It would have been interesting, no doubt, to have dined with him
in Paris; to have quarried lions in their African fens; to have
heard archaic hymns ripple through the rushes of the Nile; to have
lounged in the Academe, to have scaled Parnassus, and sailed the
AEgean Sea; but, a history and an arm-chair aiding, the traveller
has but to close his eyes and the past returns. Without disturbing
so much as a shirt-box, he may repeat that promenade.
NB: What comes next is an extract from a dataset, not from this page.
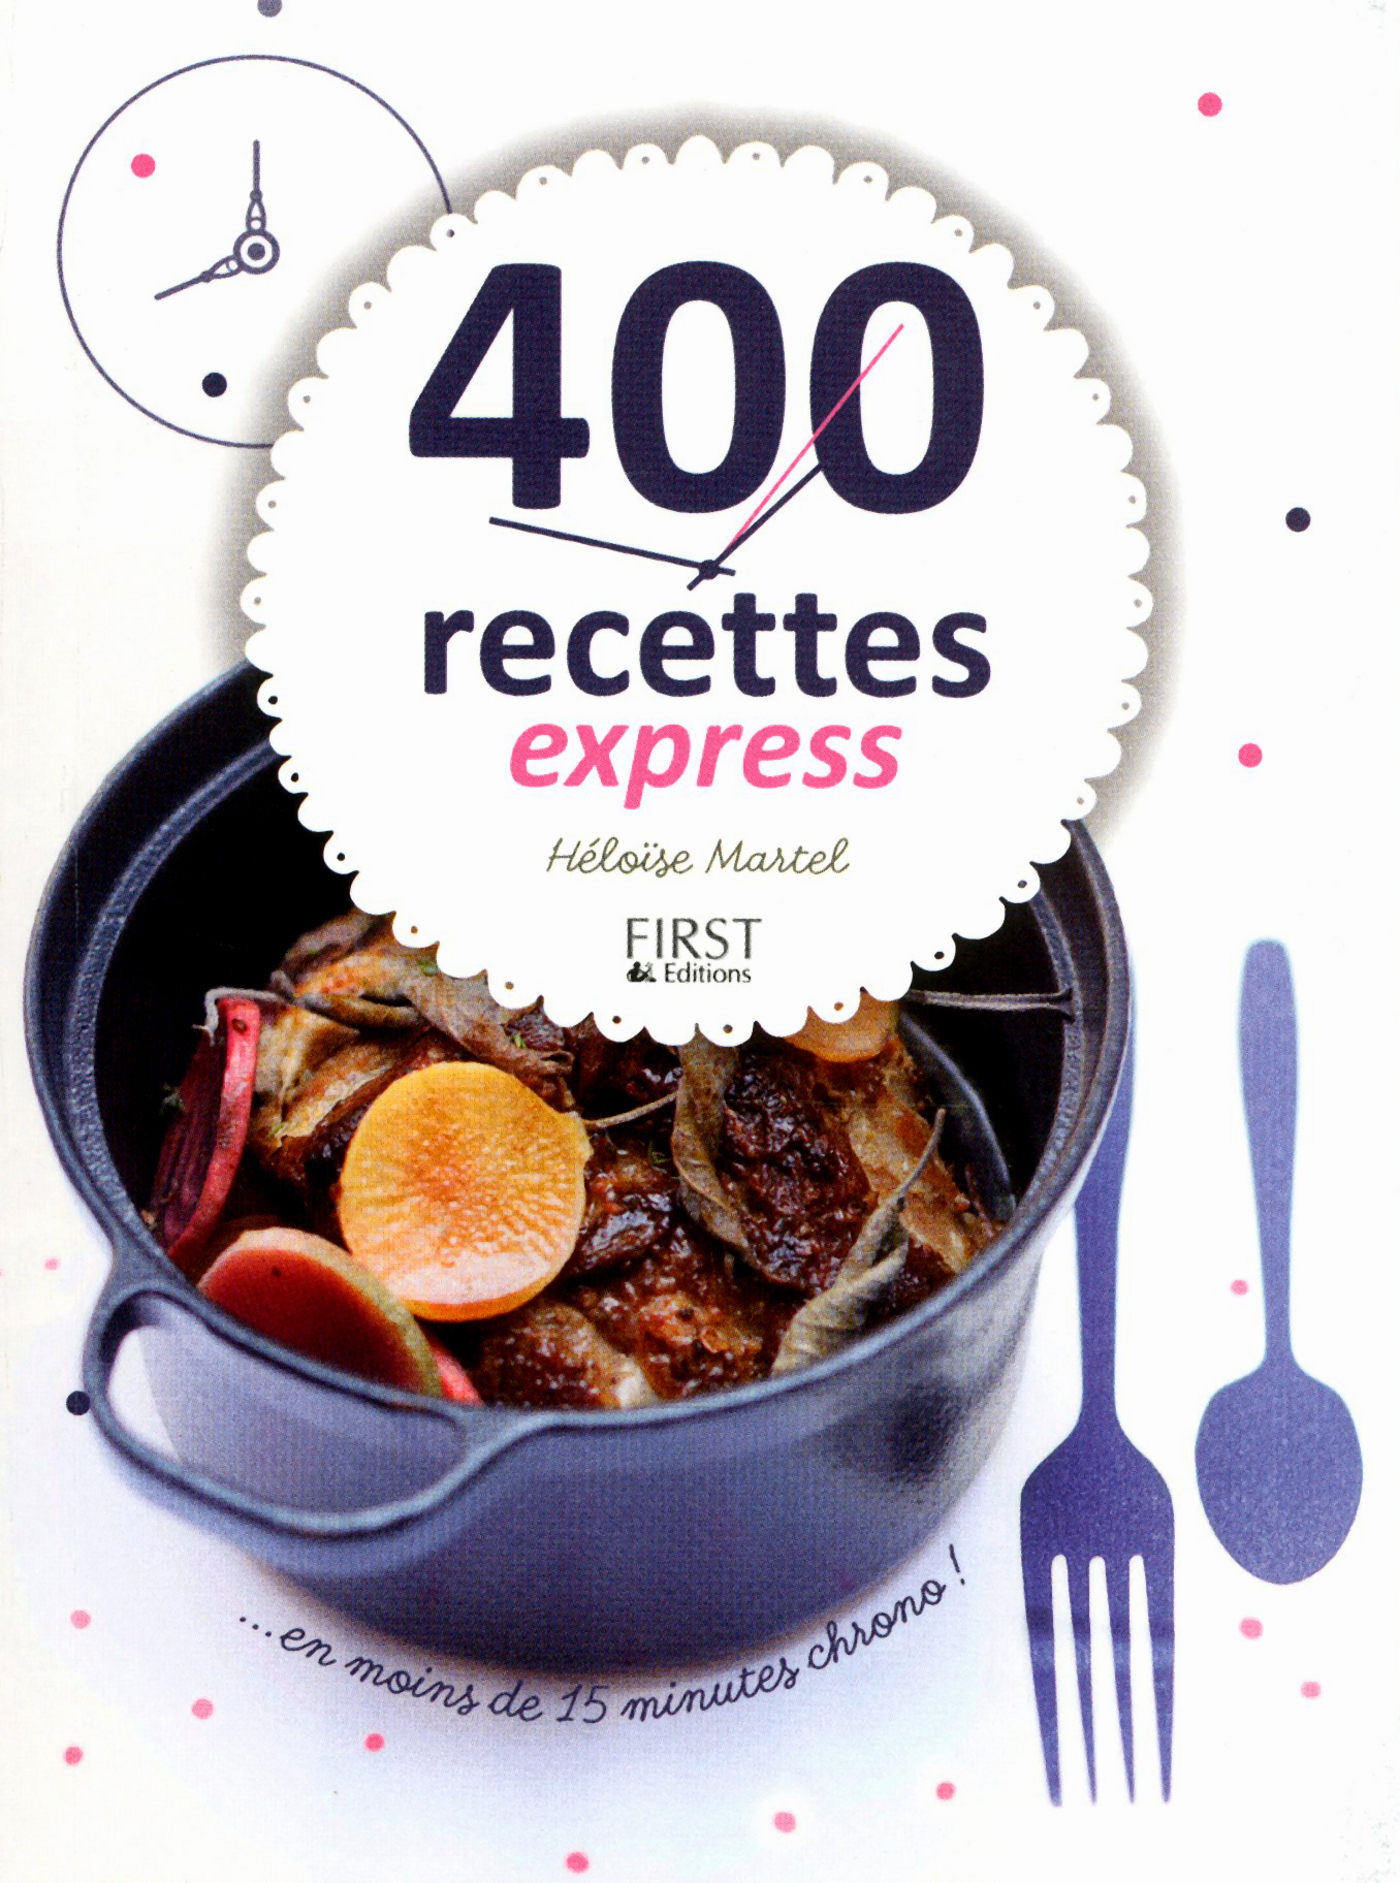 400 recettes express en moins de 15 minutes chrono
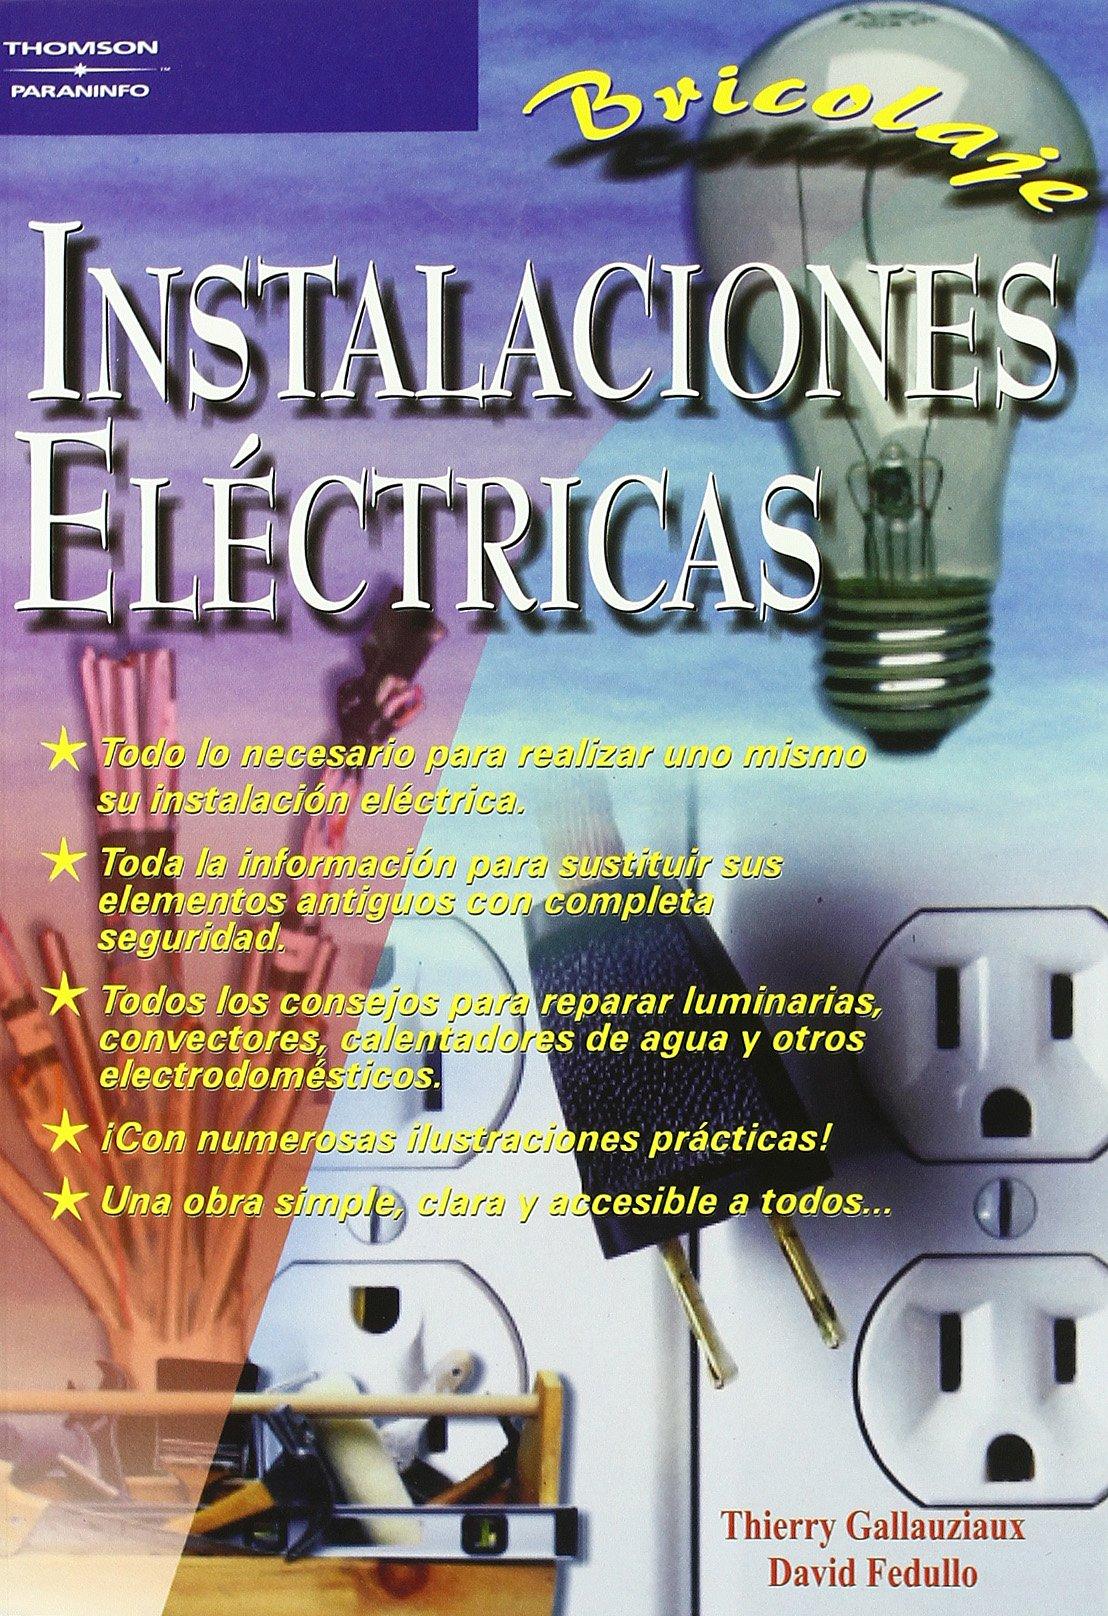 Instalaciones Electricas - Bricolaje (Spanish Edition) (Spanish) Paperback – November, 2001

Triremes
have foundered; litters are out of date; painted elephants are no
more; the sky has changed, climates with it; there are colors, as
there are arts, that have gone from us forever; there are desolate
plains, where green and yellow was; the shriek of steam where gods
have strayed; advertisements in sacred groves; Baedekers in ruins
that never heard an atheist's voice; solitudes where there were
splendors; the snarl of jackals where once were birds and bees--
yet, history and the arm-chair aiding, it all returns. Any
traveller may follow in Hadrian's steps; he is stayed but once--
on the threshold of the Temple of Eleusis. It is there history
gropes, impotent and blind, and it is there the interest of that
journey culminated.
Beyond the episode connected with Antinous, Hadrian's journey was
marked by another, one which occurred in Judaea. Both were
infamous, no doubt, but, what is more to the point, both mark the
working of the poison in the purple that he bore.